A complete history of the Barbie movies that could have been

Margot Robbie in Barbie
(Image credit: Warner Bros.)

Greta Gerwig's Barbie movie is taking the world by storm. We've seen the memes, we've heard the soundtrack, and first reactions are wildly positive... but it took a while to get here.

Though the doll first debuted in 1959, it took 50 years before Mattel decided it was time to put her on the big screen. “The brand wasn’t ready for a movie,” senior VP Richard Dickson said in 2009. In the last 10 years, Dickson continued, Barbie had evolved from a toy into an intellectual property. He cited home entertainment (i.e. several successful animated movies), stage shows, and live symphonies as proof. 

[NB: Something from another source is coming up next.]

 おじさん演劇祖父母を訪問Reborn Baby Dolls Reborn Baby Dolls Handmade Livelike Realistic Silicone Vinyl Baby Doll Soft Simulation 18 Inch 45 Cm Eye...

We have done our best to put together a timeline, starting all the way back when Mattel first agreed to license the Barbie IP for a live-action adaptation and ending with Greta Gerwig and Noah Baumbach's surrealist comedy spin. Sit back, relax, and learn all about the Barbie movies that didn't make it to the big screen.

2009 - 2013: Universal Studios, Laurence Mark, and a whole lot of nothing

Barbie dolls

(Image credit: Getty Images)

In 2009, Universal announced that it had struck a deal with Mattel: it would take over the distribution of the successful Barbie animated films and put out the first-ever live-action movie. Producer Laurence Mark, known at the time for Jerry Maguire, I, Robot, and Julie & Julia, was tapped to produce a series of family-friendly films.

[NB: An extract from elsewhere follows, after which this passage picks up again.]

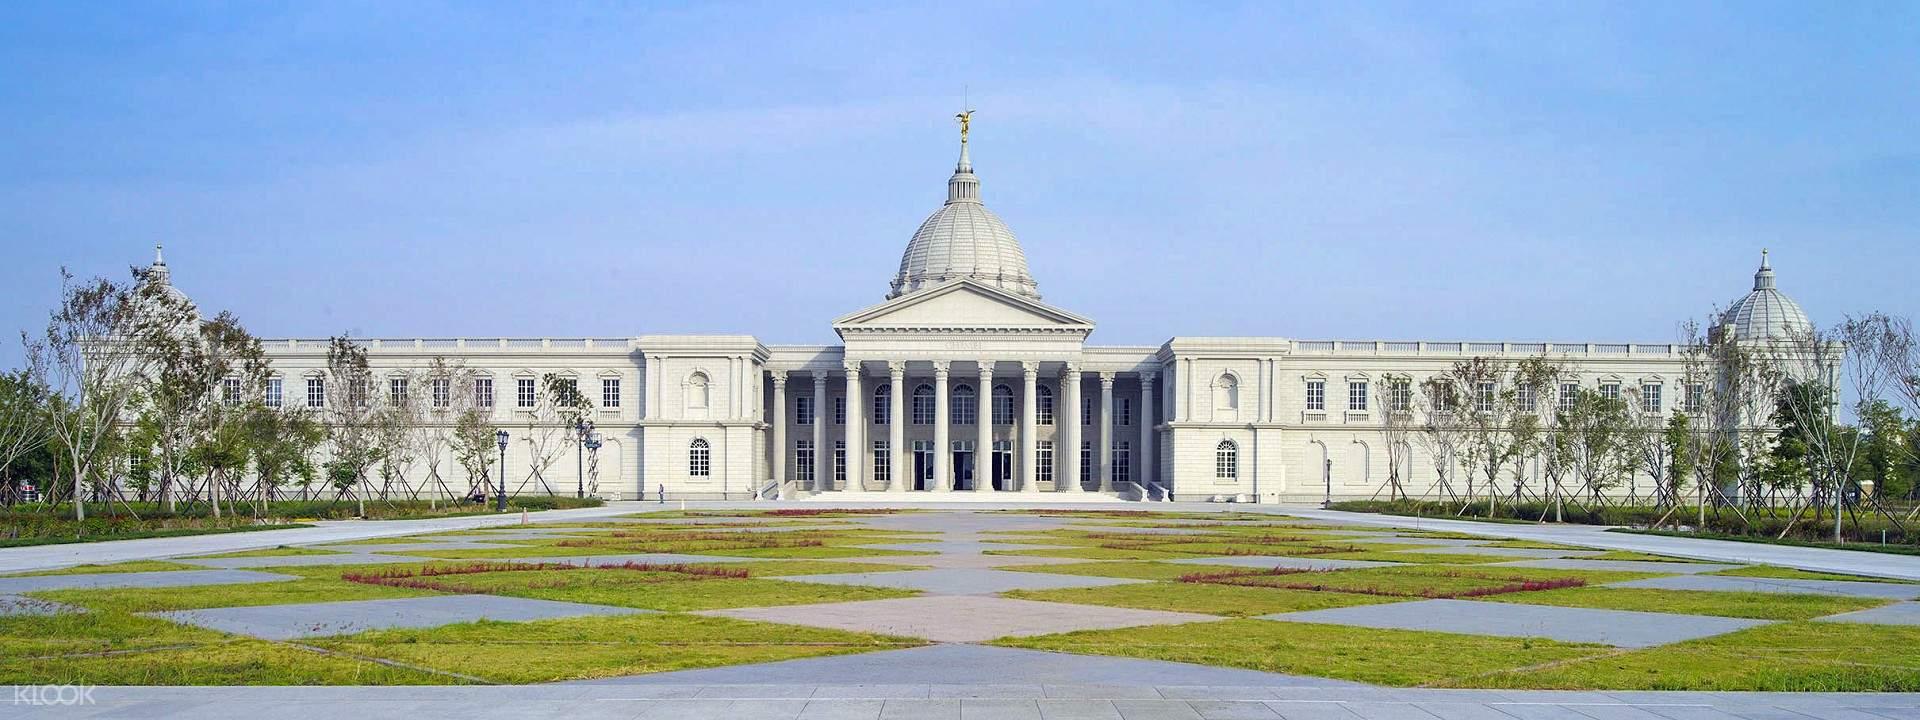 奇美博物館的建築外觀以希臘神話故事為主題,頗具西洋美學風格

"Barbie may be the most popular girl in the world, and has always been a wonderfully aspirational figure, so we must do her proud," Mark said.

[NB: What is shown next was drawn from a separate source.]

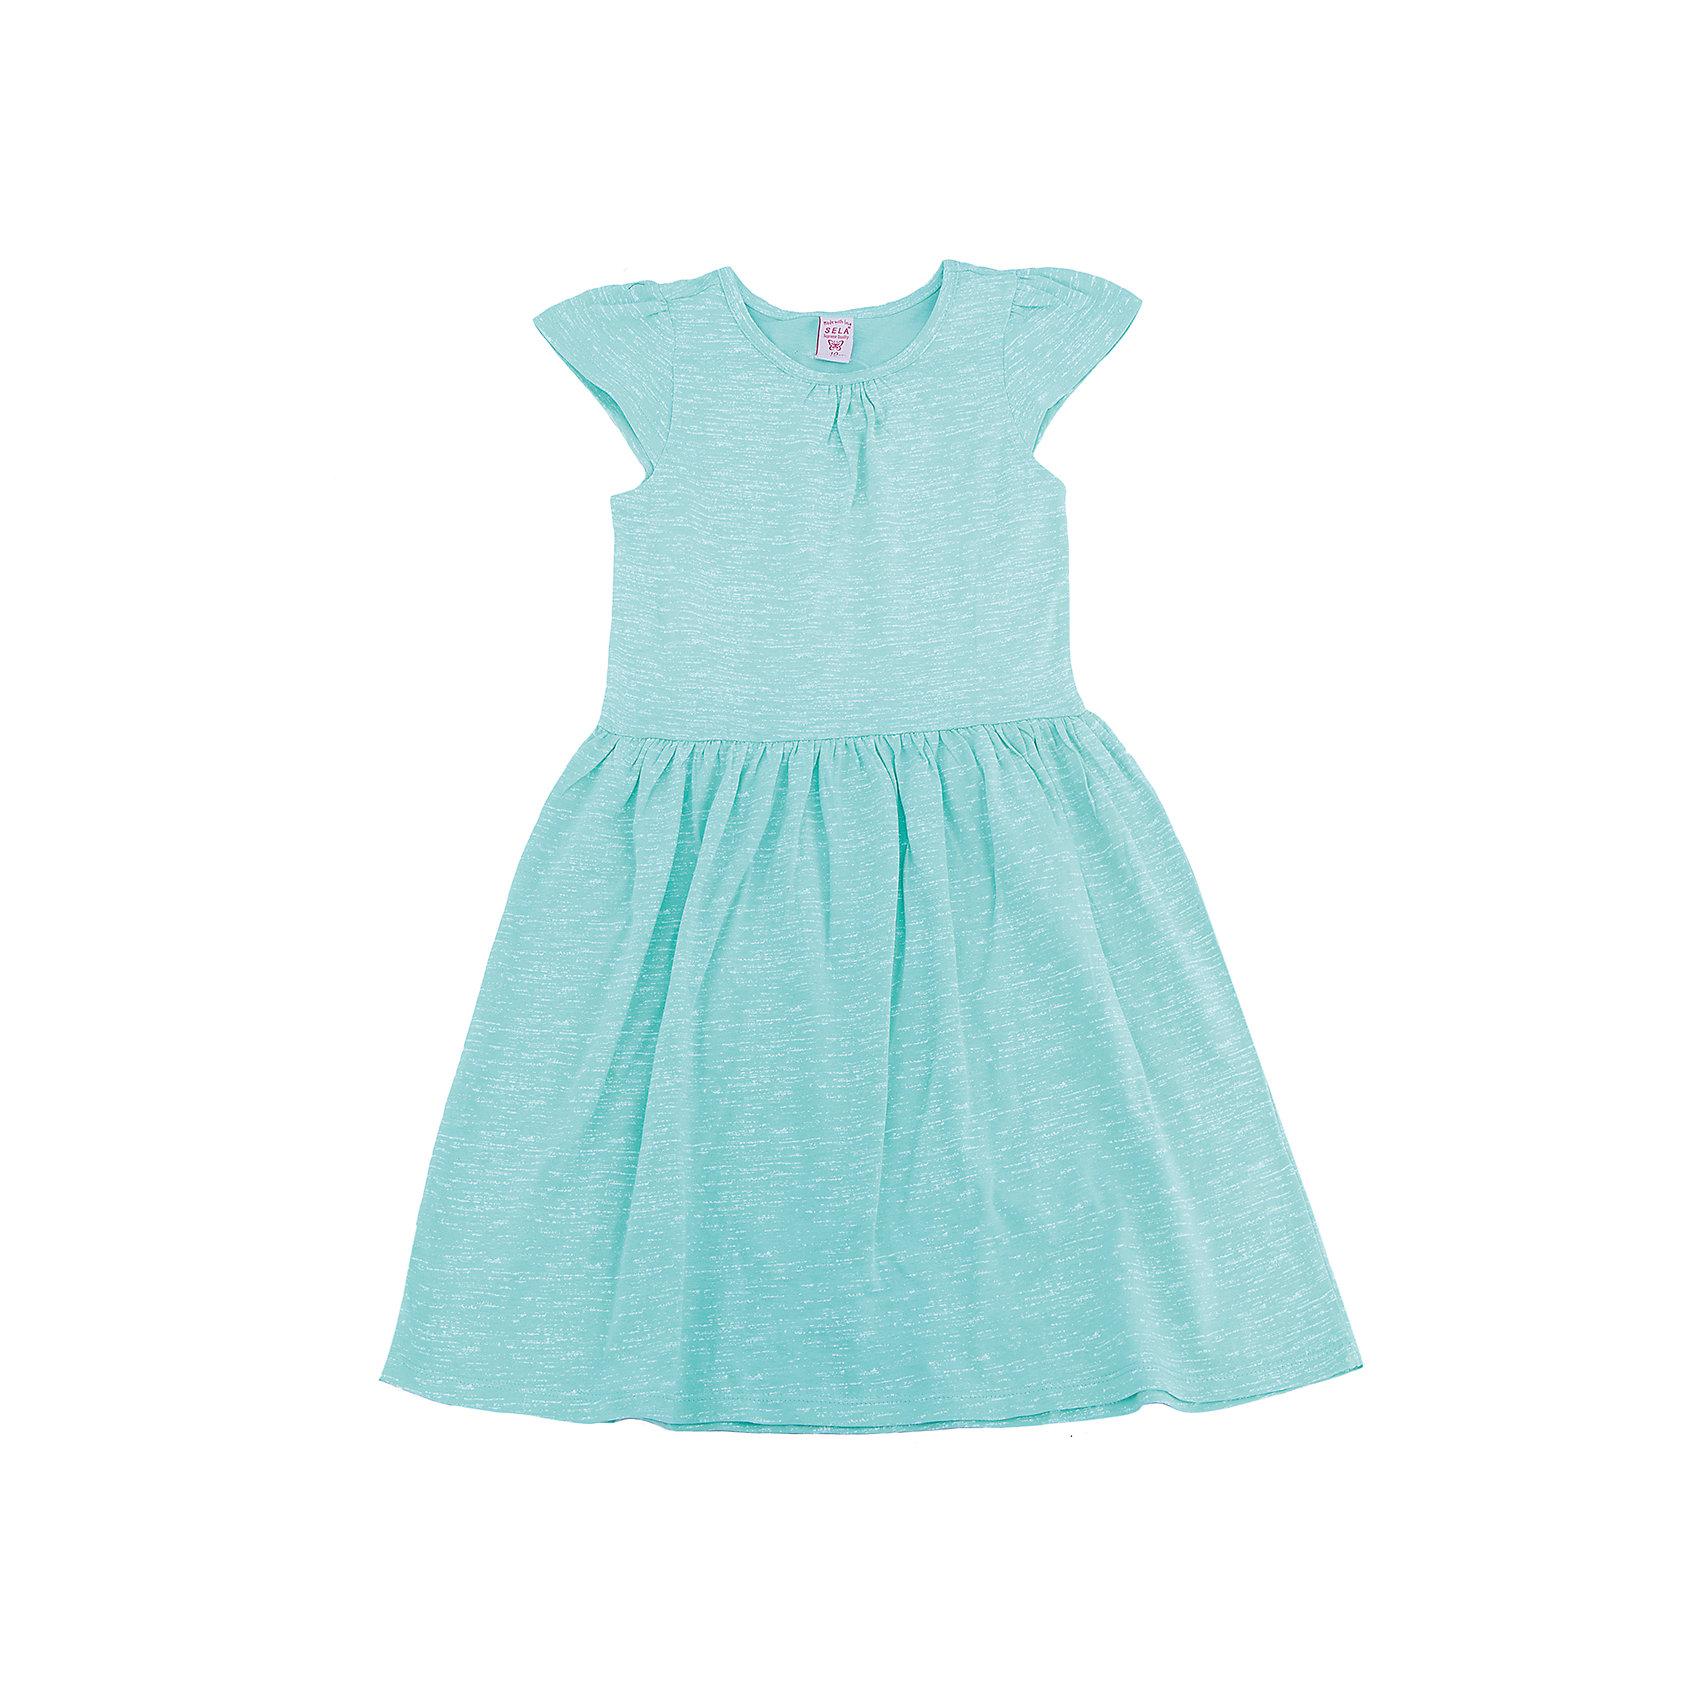 Платье для девочки SELAПлатья и сарафаны<br>Характеристики товара:<br><br>• цвет: бирюзовый<br>• сезон: лето<br>• состав: 100% хлопок<br>• силуэт полуприлегающий<br>• длина выше колена<br>• корткие рукава<br>• комфортная посадка<br>• страна бренда: Россия<br><br>Платье для девочки из хлопка позволит телу дышать и комфортно себя чувствоватиь во время прогулок.  Оно отлично сочетается с босоножками, сандалями или туфельками. Стильная и удобная вещь!<br><br>Одежда, обувь и аксессуары от российского бренда SELA не зря пользуются большой популярностью у детей и взрослых!<br><br>Платье для девочки от популярного бренда SELA (СЕЛА) можно купить в нашем интернет-магазине.<br><br>Ширина мм: 236<br>Глубина мм: 16<br>Высота мм: 184<br>Вес г: 177<br>Цвет: разноцветный<br>Возраст от месяцев: 108<br>Возраст до месяцев: 120<br>Пол: Женский<br>Возраст: Детский<br>Размер: 140,146,152,122,128,134<br>SKU: 5305399

There would be little news about the film until 2011, until reports came out that Universal's Barbie movie had found its Ken. Several outlets reported that 90210 star Trevor Donovan would play Barbie's male counterpart. And then... all went quiet again. No direct statement (that we could find, anyway) was made by Universal or Mark.

2014: Universal is out, Sony is in

An assortment of Barbie dolls for sale

(Image credit: Bloomberg via Getty Images)

Finally, in 2014, an update was given – and the live-action Barbie movie was under new management. Sony Pictures Entertainment announced that they had partnered with Mattel to deliver a comedy based on the blonde icon. This time, Walter F. Parkes and Laurie MacDonald, who helped create DreamWorks before moving on to head Steven Spielberg's Amblin Entertainment, would produce. Sex And The City writer/co-executive producer Jenny Bicks would pen the script.

"We've always thought that the Barbie story had great potential, but a universe of possibilities opened up when Jenny, Walter, and Laurie brought us their unexpected, clever, and truly funny concept. It captures everything that has made Barbie a classic for generation after generation while also standing on its own, establishing Barbie as a truly original screen character," Hannah Minghella, President of Production said at the time. It sounded promising, and excitement for the film was reignited. Production was said to begin at the end of the year. However... it didn't.

2015: Diablo Cody and the script that never was

Diablo Cody

(Image credit: The Associated Press)

In 2015, Sony hired Juno and Jennifer's Body scribe Diablo Cody to pen a second version of Bicks' script, also announcing a June 2017 release date. "Diablo's unconventionality is just what Barbie needs," Parkes said. "It signals we're going for a legitimately contemporary tone. We're bringing her on because she had great ideas, but even more importantly, she truly loves Barbie."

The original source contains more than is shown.